Different expectations between chat and voice

Chatbots and voice agents are both conversational agents. The logic behind each type of conversation (spoken or typed) is similar. However, people behave differently and have different expectations when using each of them.

In our experiment, participants expected a richer experience from the chatbot. Instead of merely getting an answer, they wanted the chatbot to take advantage of the visual real estate and give more information. This could be, for example, links to where the answer is on the website.

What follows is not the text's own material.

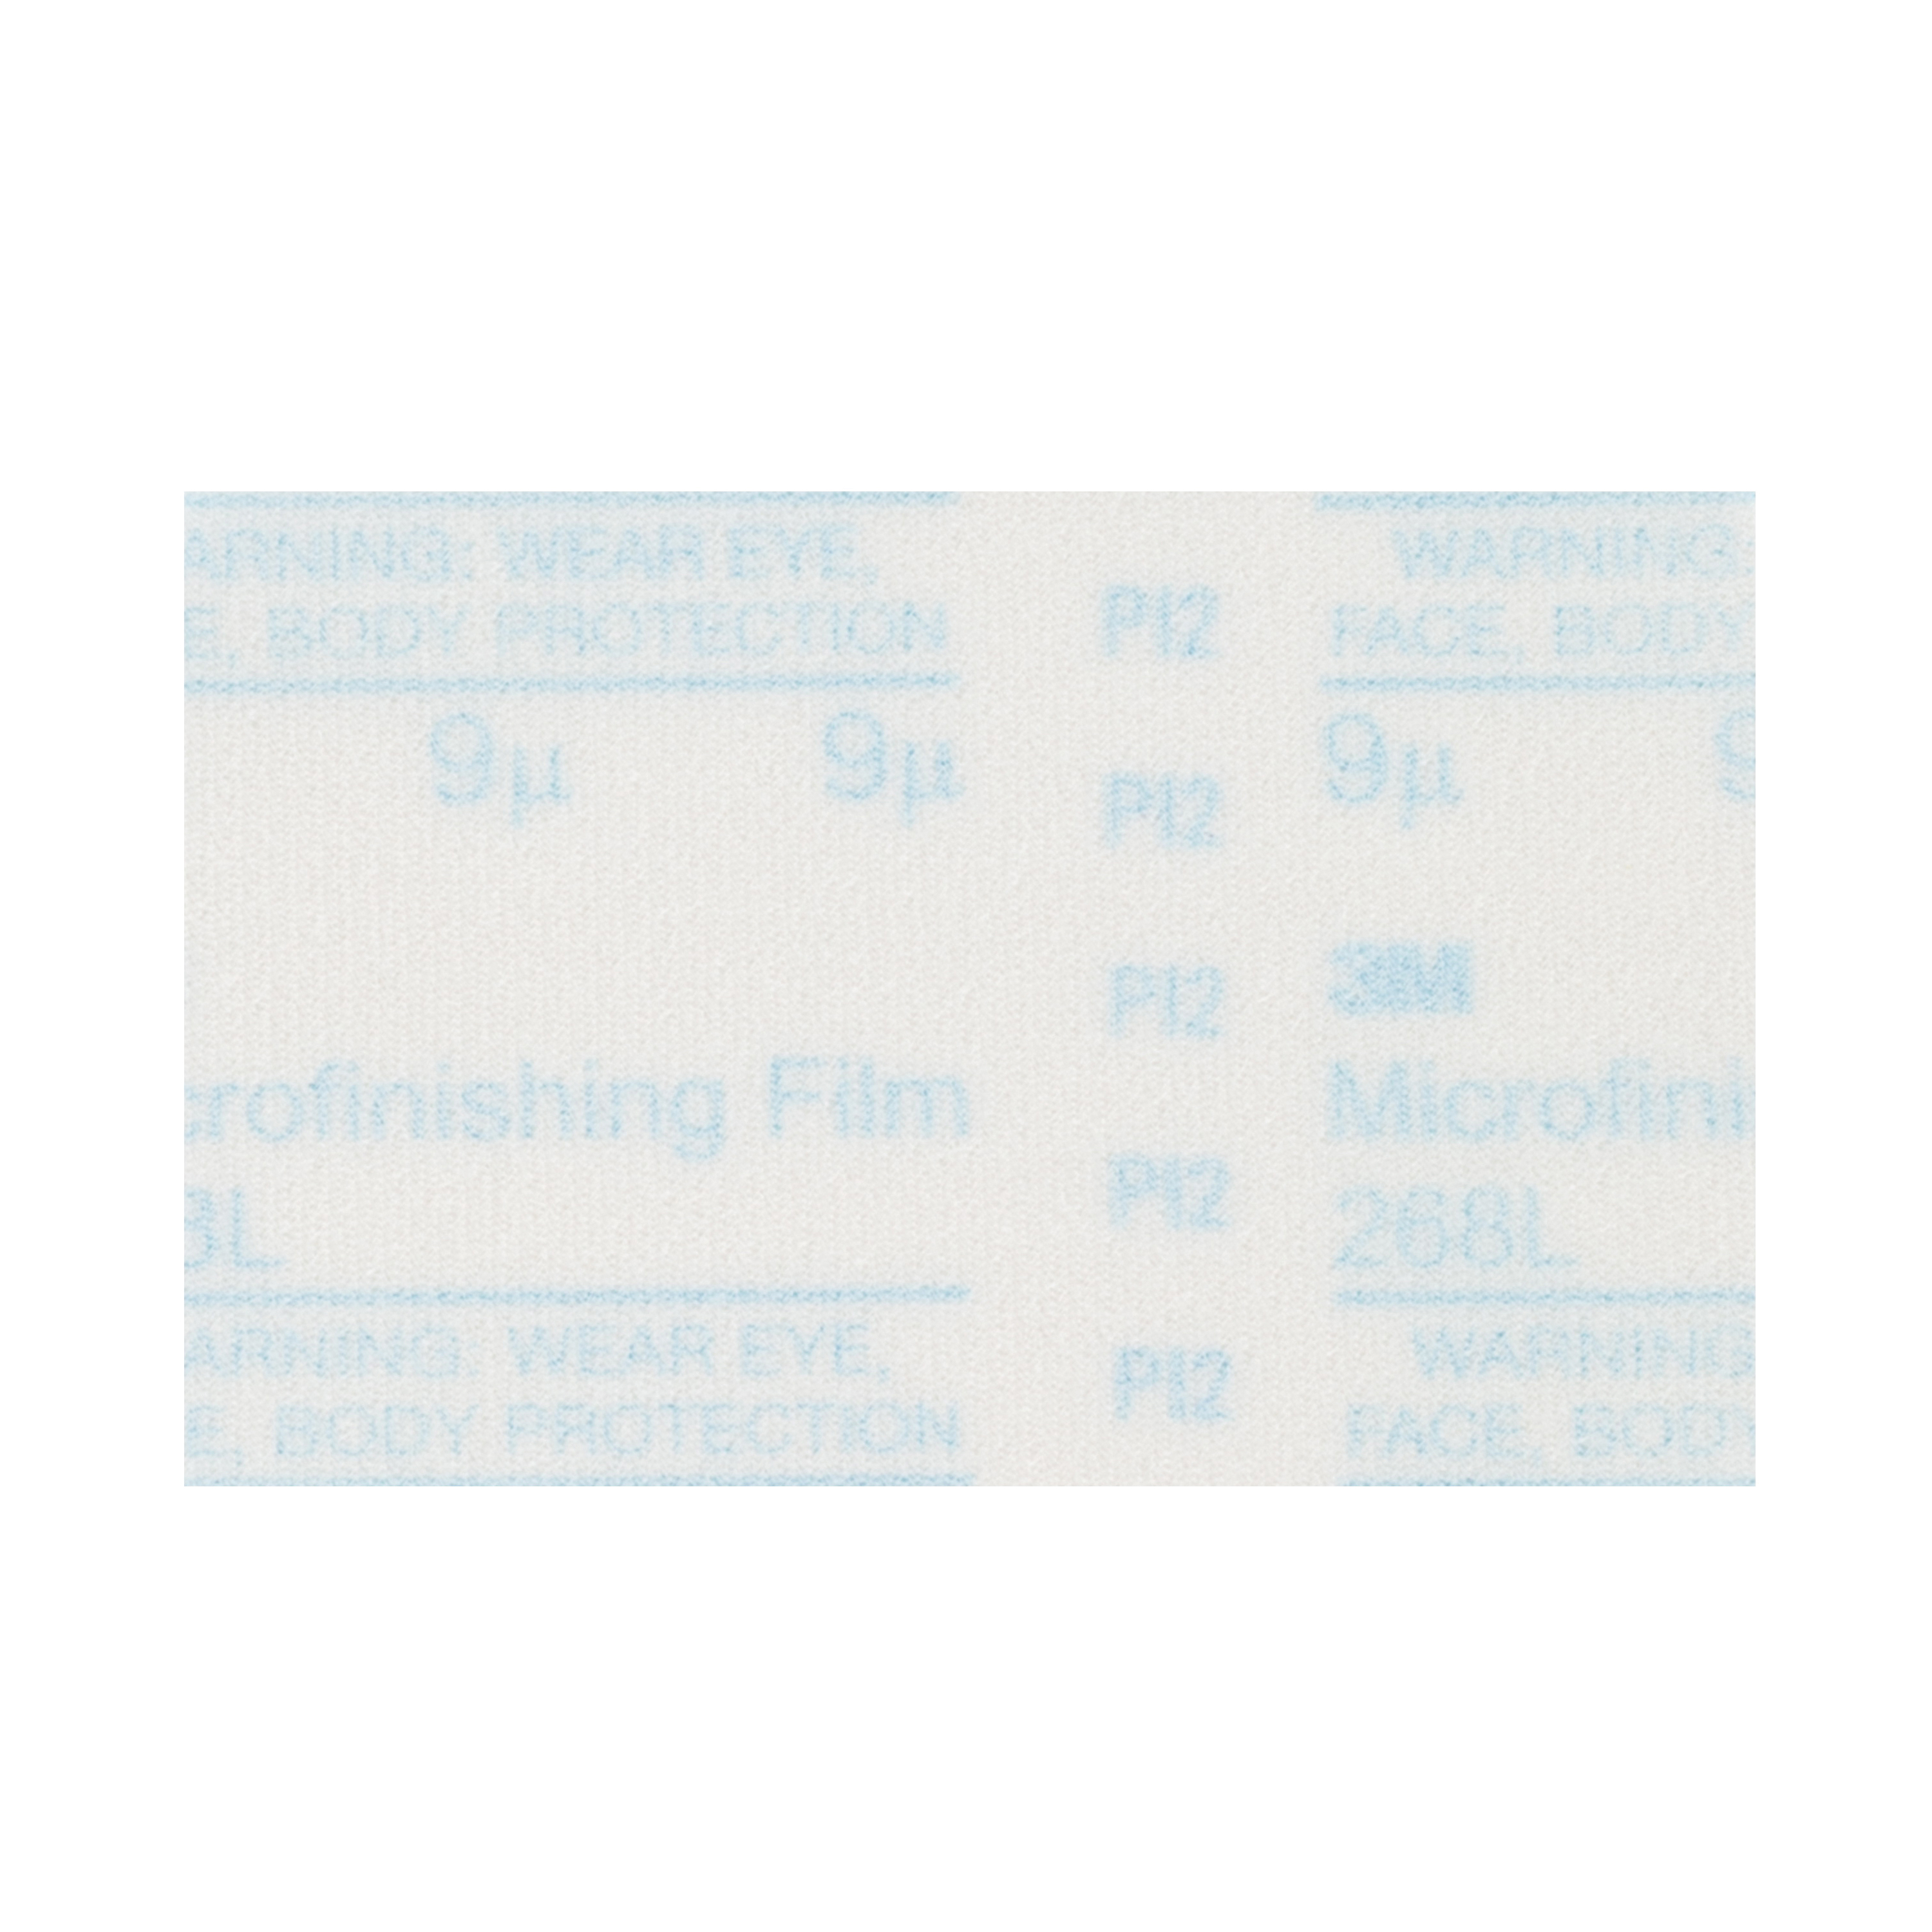 3M™ 051111-54509 268L Type D Microfinishing PSA Carbide Burr, 3 in Dia Disc, 9 micron Grit, Ultra Fine Grade, Aluminum Oxide Abrasive, Polyester Film Backing
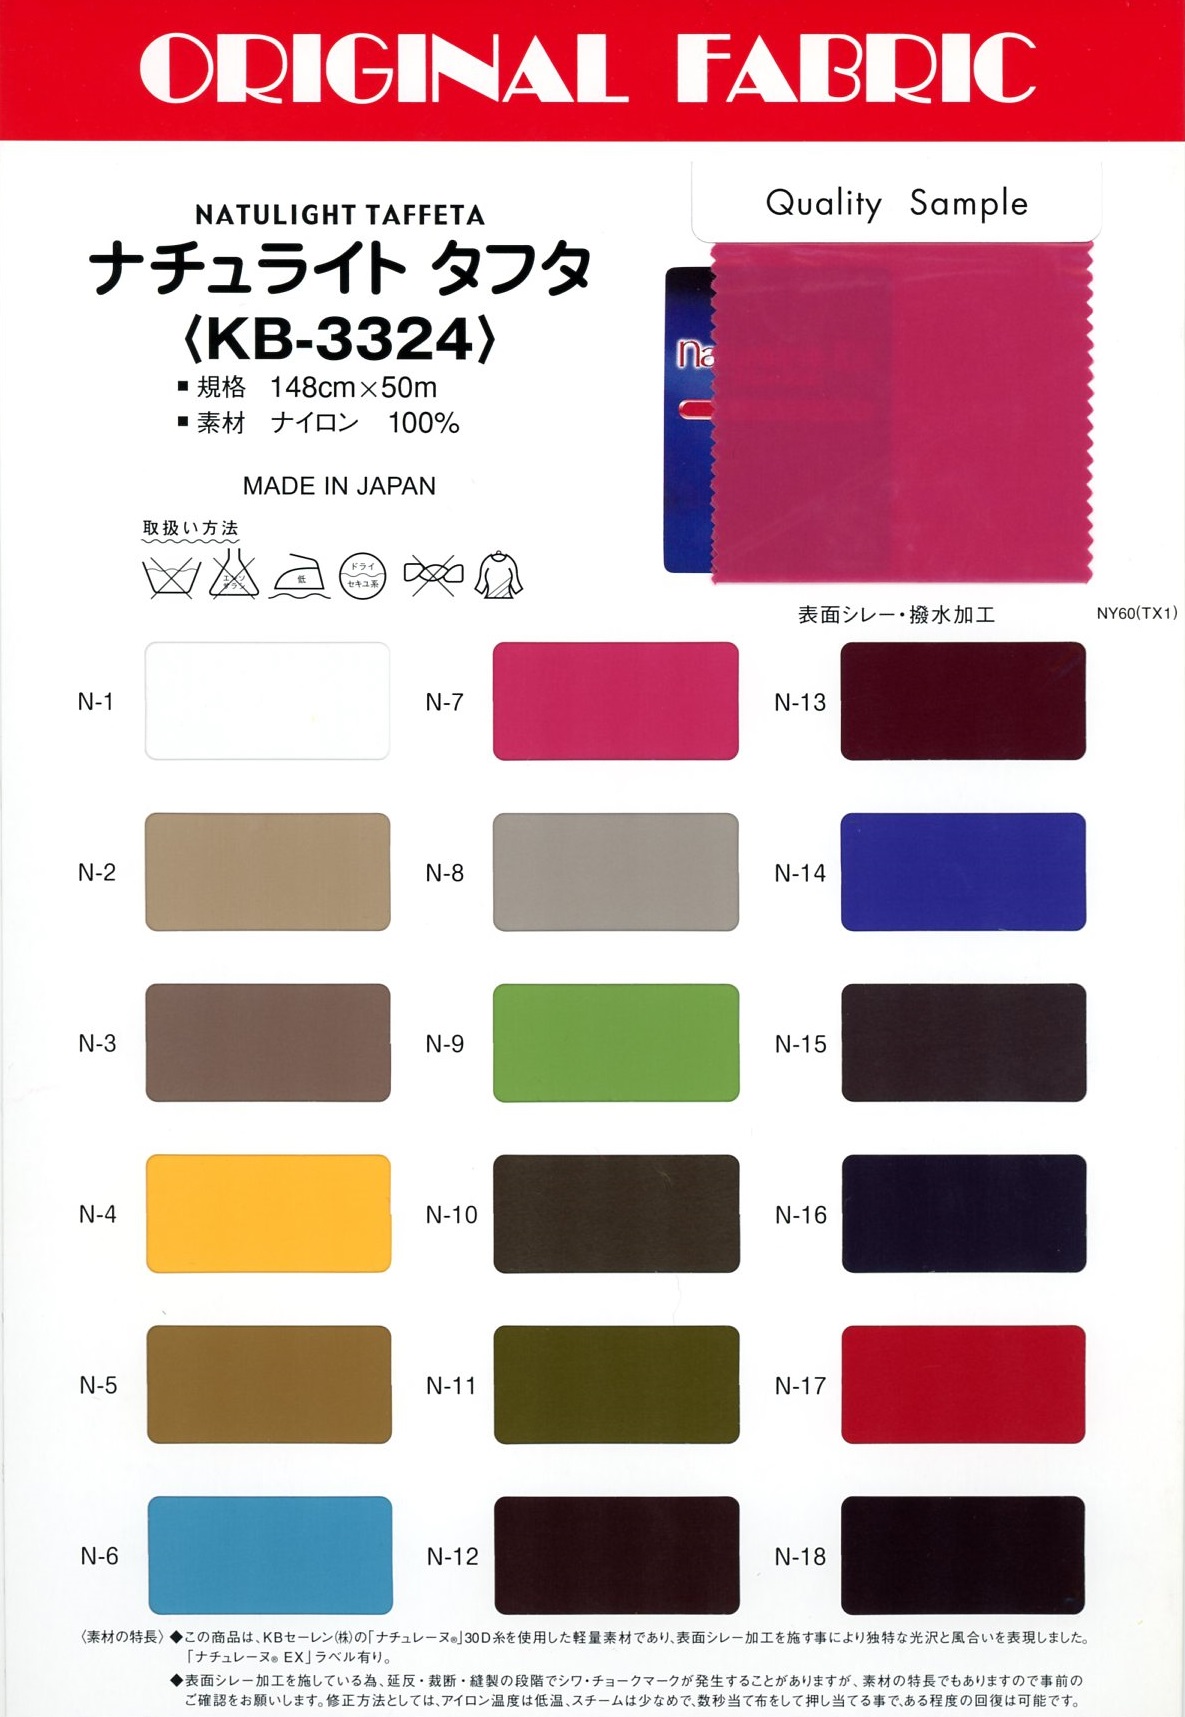 KB-3324 Naturite Taffeta[Fabrication De Textile] Masuda

“I would be more interested to get something like a top-notch answer (…) If I want to use a chatbot, I guess I would be more interested to see a layer, where you have also [sic] links that take you also [sic] to the website if you need to have more information…” - participant

On the other hand, people seemed to expect the voice agent to help them take the next step. They wanted it to do more than just give the phone number. They expected it to either offer to call the number for them, or send the info by email or text message.

Convincing users to use the chatbot

During Part I of our testing, participants were free to try to find an answer using any part of the prototyped website. Not a single participant clicked on the button to use the chatbot. Not one.

During Part II we asked them if they had seen the button at all, and if yes, why they had chosen not to use it.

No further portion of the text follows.